Health care in the US is mostly private, based on employment. In other countries, notably the UK, it is largely public. I came across the story of a writer in Britain, Adrian Gill, who passed of cancer a few days ago, and offers praises for the National Health Service there.
There is a fatal flaw in health care that societies in general refuse to acknowledge. Health care is not an unlimited resource. There is not an infinity of doctors, nurses, and hospitals. Drugs cost money. Out of necessity, health care must be rationed. Here in the US, we largely ration through, as I said, employment. That isn’t particularly satisfactory, of course. But in places such as the UK and Canada, they ration through availability. That isn’t satisfactory, either.

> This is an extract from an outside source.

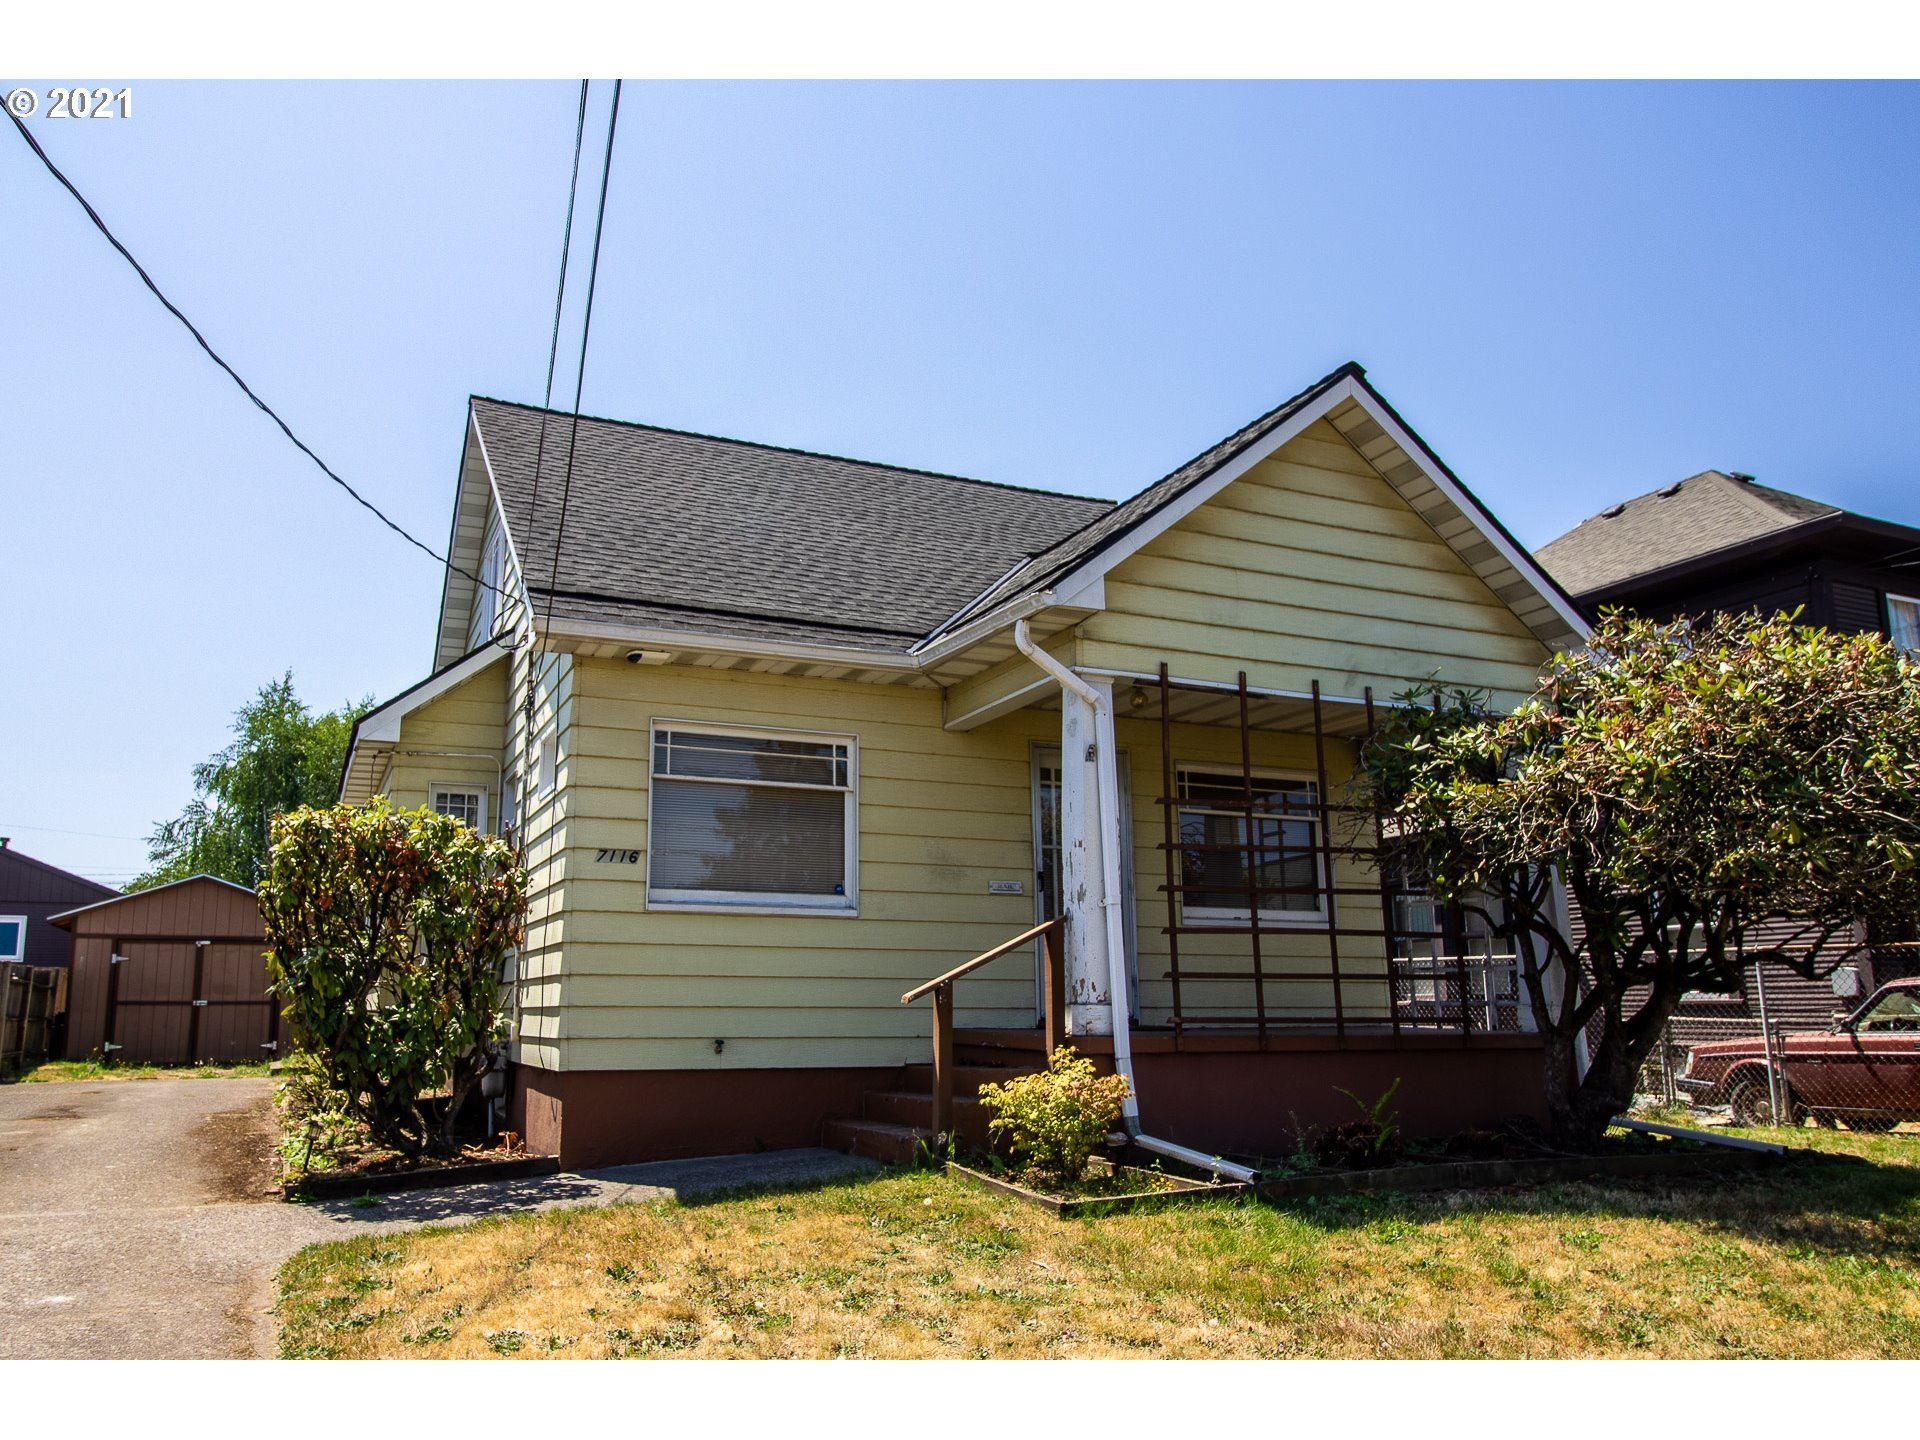 7116 N LOMBARD ST, Portland, OR 97203 - MLS#: 21005717

But it’s a discussion that no society is willing to have, and that’s the real problem. I have a friend who says, crassly but no doubt reflecting what many people truly think, “I love nationalized health care, as long as I can afford to buy what I need on my own.”
No one wants to say, “You can get as much health care as you can afford.” Or “You can have health care as long as you are willing to wait a long time for it.”
And there is the rub. They are the realities. But we ignore them because of the friction built into our health care systems. We can dismiss rationing as being an unintended consequence of the broken systems.
I do have one objection to Gill’s description of the NHS. He says that you don’t get the humanity in private health care that you do in public. I respectfully disagree. People are people, whoever signs their paycheck. We have a human connection. He was wrong.